◆ **Your task**
Nothing but the lines below from the one that contains "Star Wars Variant Play Arts Kai from SQUARE ENIX - Boba" through the one that contains "4th Floor 4435" should be retyped, exactly and including both ends. Do not include pictures.

◆ **Given information**
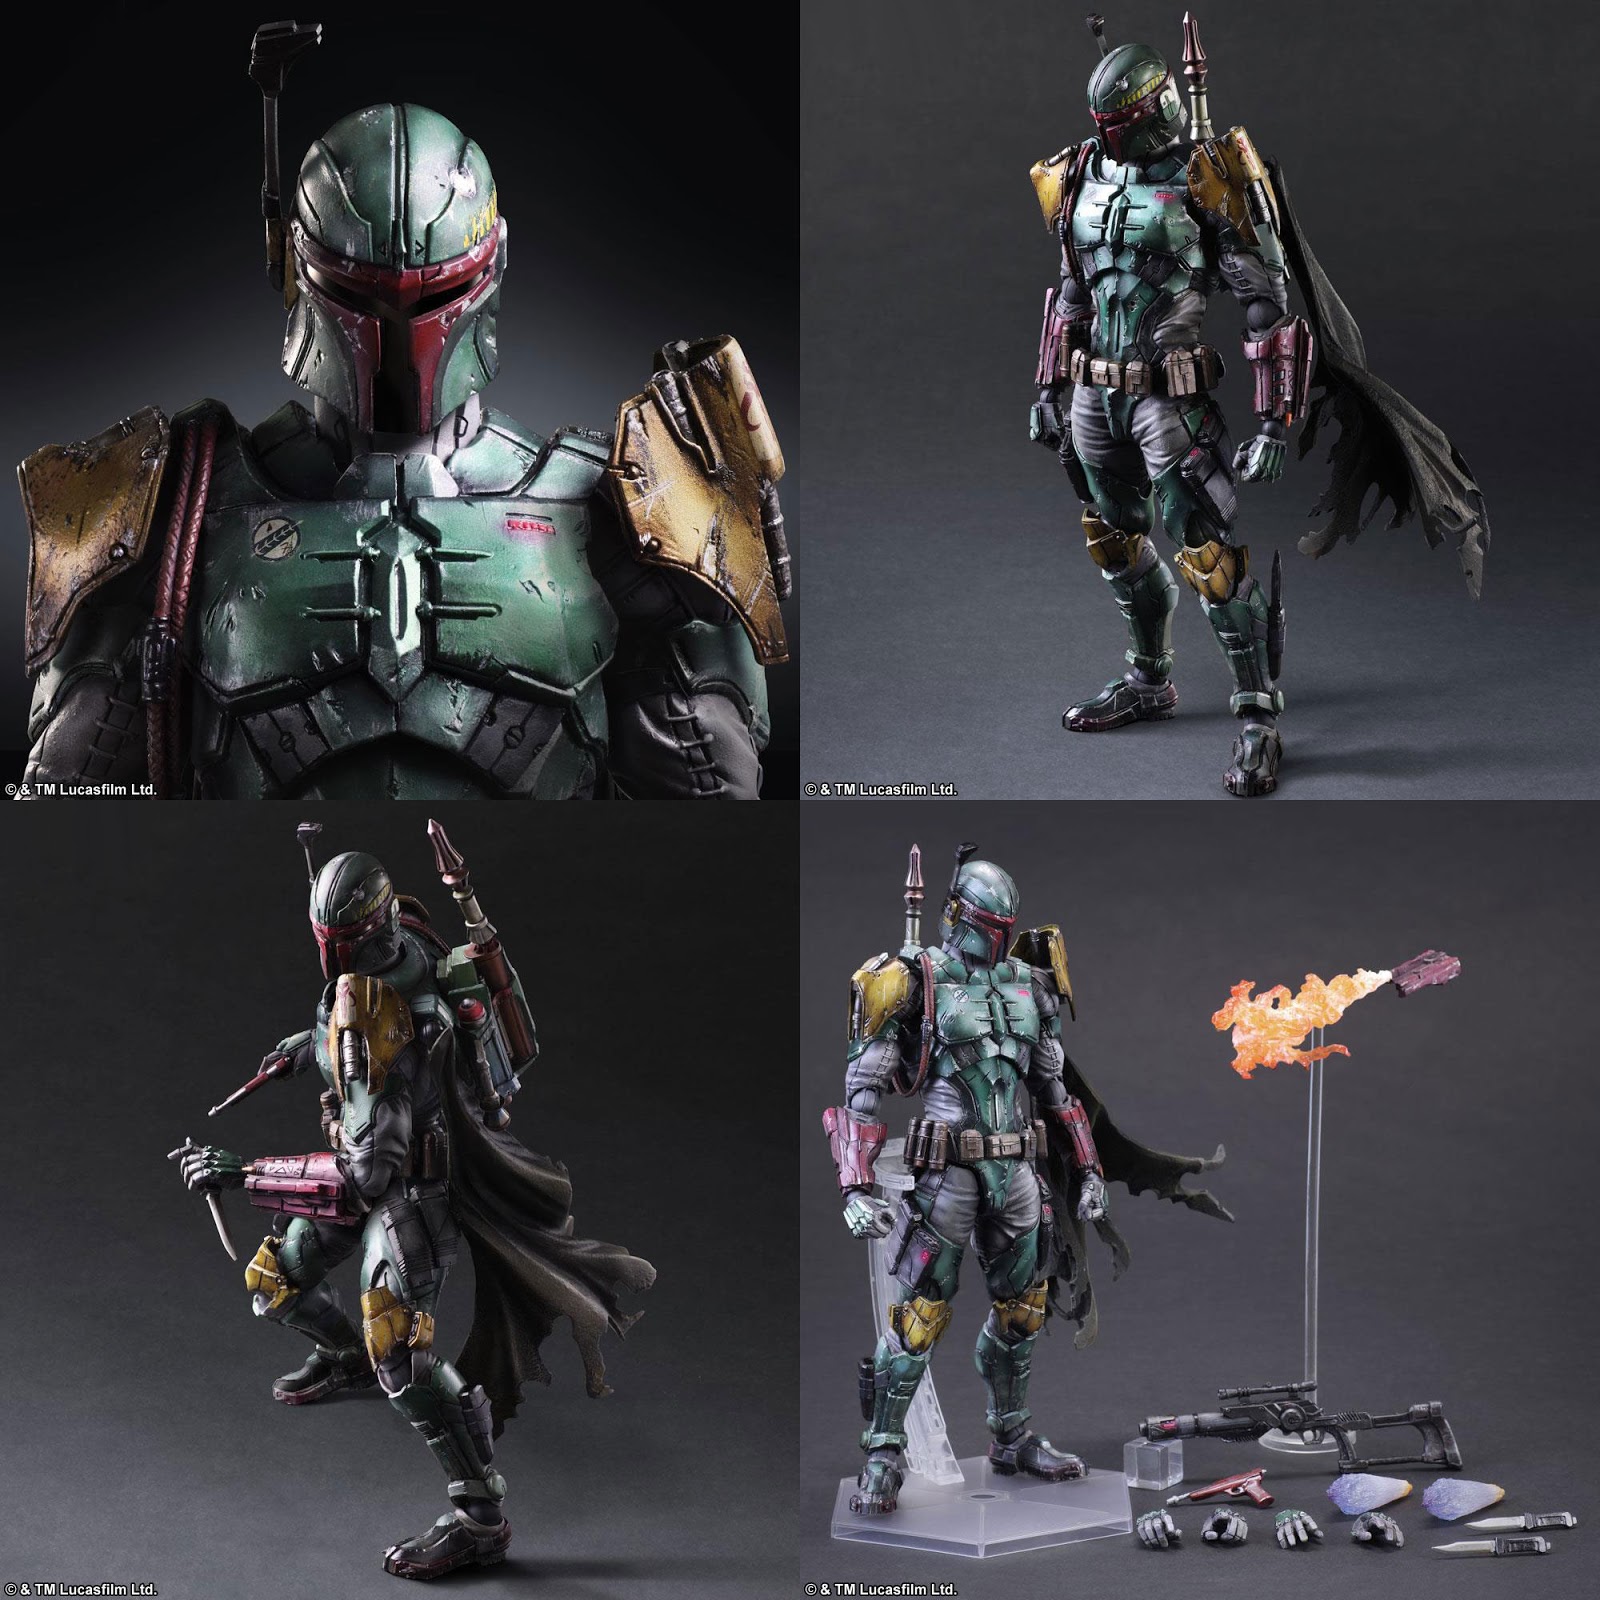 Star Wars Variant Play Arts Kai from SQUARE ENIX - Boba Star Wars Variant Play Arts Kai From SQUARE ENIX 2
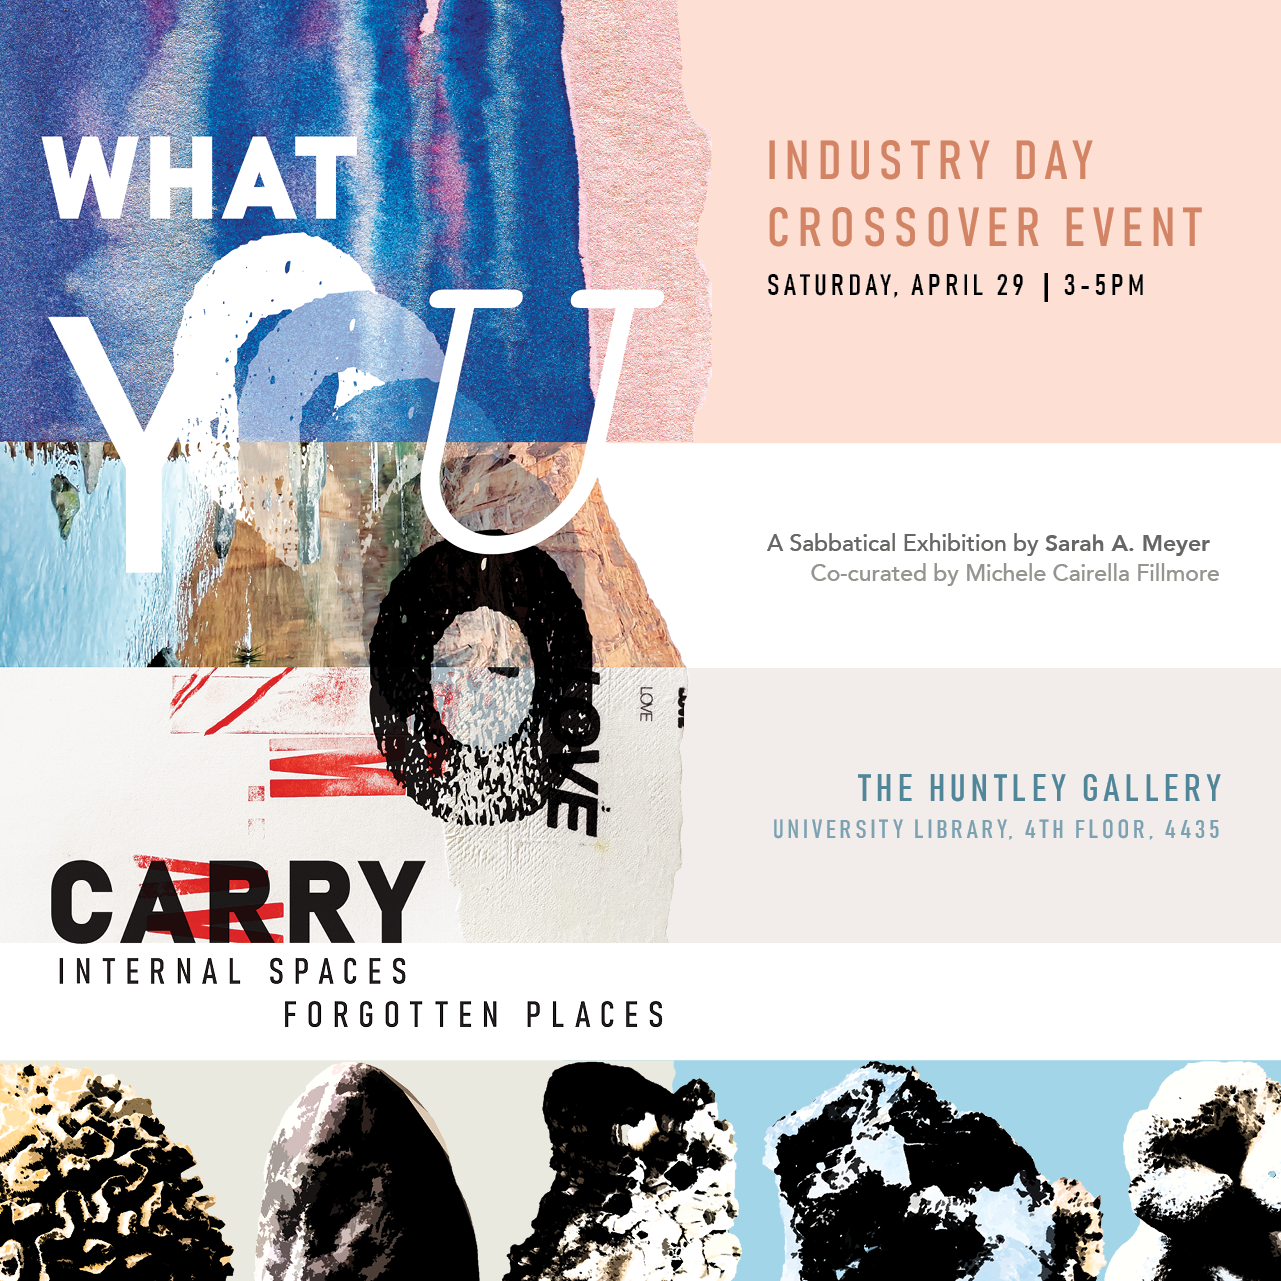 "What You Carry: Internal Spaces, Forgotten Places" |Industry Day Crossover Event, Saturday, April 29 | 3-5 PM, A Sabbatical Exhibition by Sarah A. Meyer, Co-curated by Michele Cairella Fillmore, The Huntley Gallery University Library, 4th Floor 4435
...
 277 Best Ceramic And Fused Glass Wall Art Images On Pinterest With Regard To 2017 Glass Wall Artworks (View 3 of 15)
==
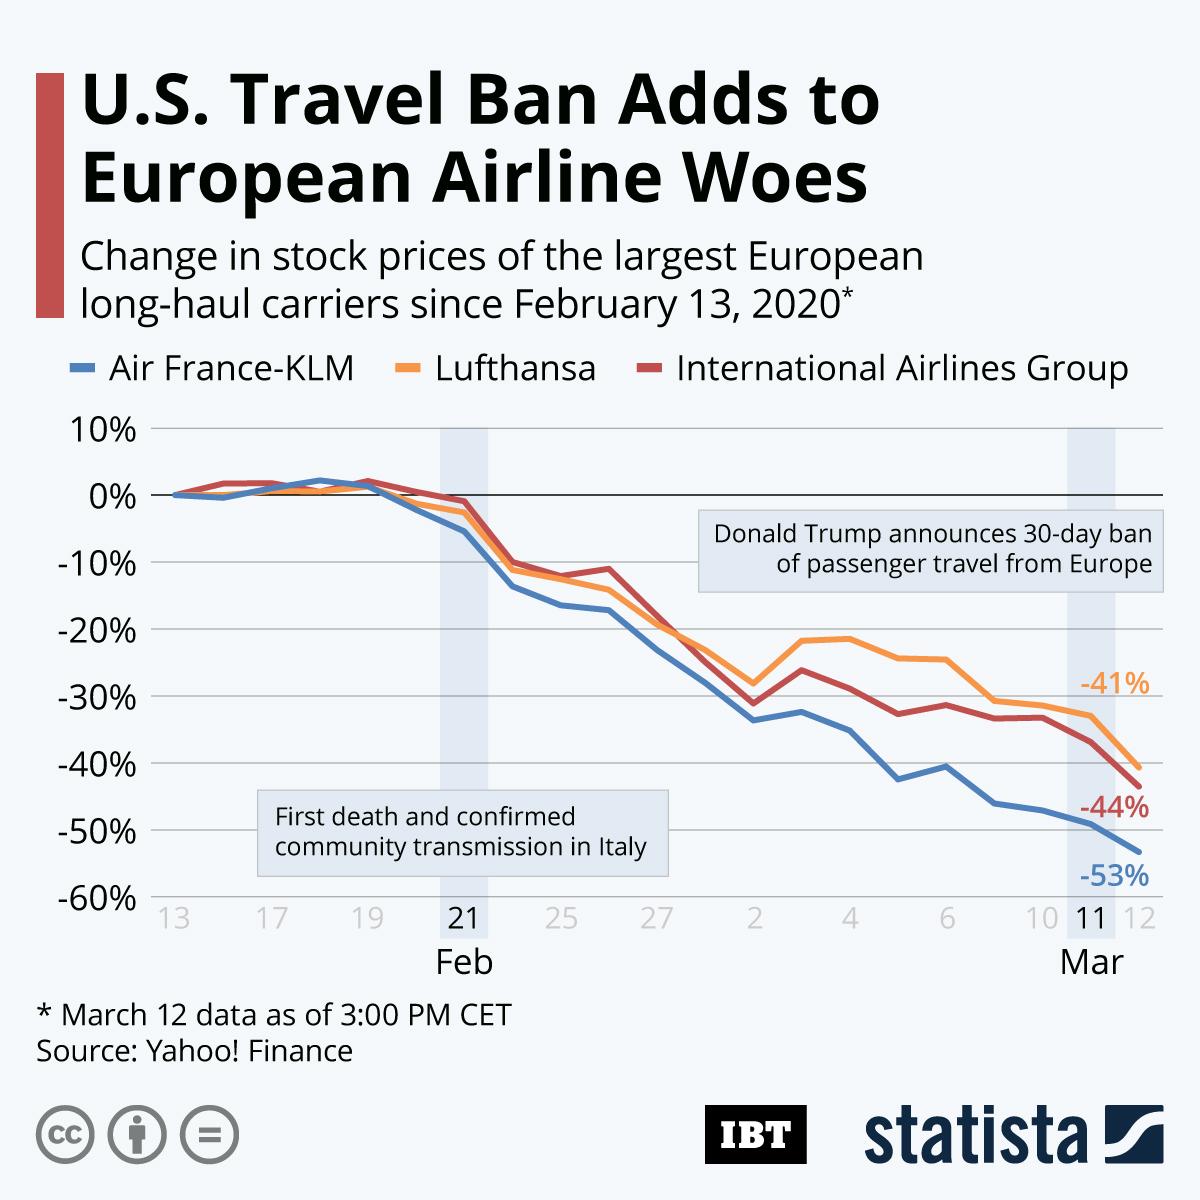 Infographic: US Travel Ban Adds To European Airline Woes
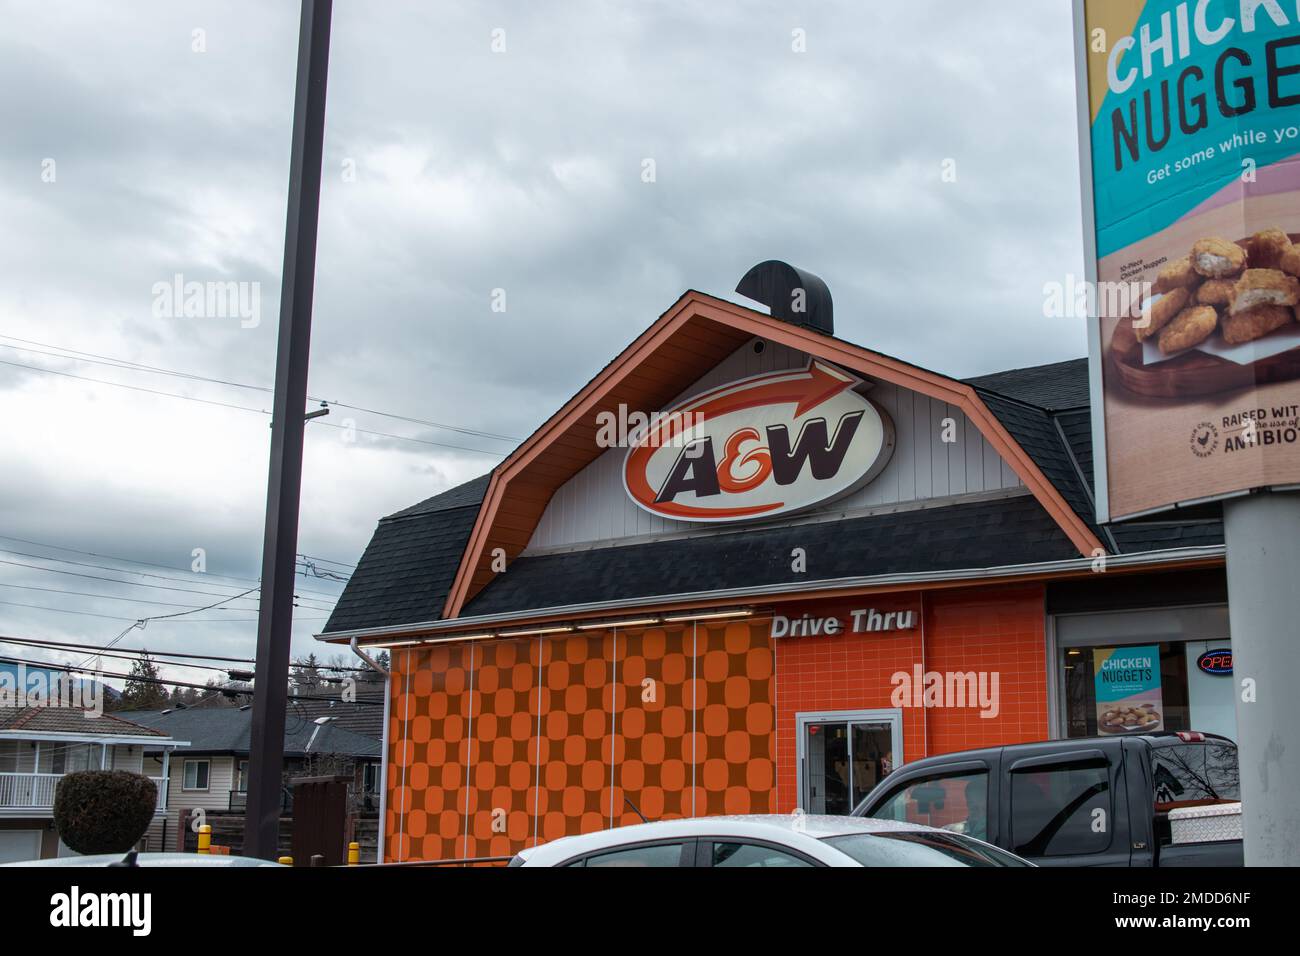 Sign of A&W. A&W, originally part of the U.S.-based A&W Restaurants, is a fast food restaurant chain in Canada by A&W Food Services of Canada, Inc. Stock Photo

◆ **Solution for this exercise**
 Star Wars Variant Play Arts Kai from SQUARE ENIX - Boba Star Wars Variant Play Arts Kai From SQUARE ENIX 2
 "What You Carry: Internal Spaces, Forgotten Places" |Industry Day Crossover Event, Saturday, April 29 | 3-5 PM, A Sabbatical Exhibition by Sarah A. Meyer, Co-curated by Michele Cairella Fillmore, The Huntley Gallery University Library, 4th Floor 4435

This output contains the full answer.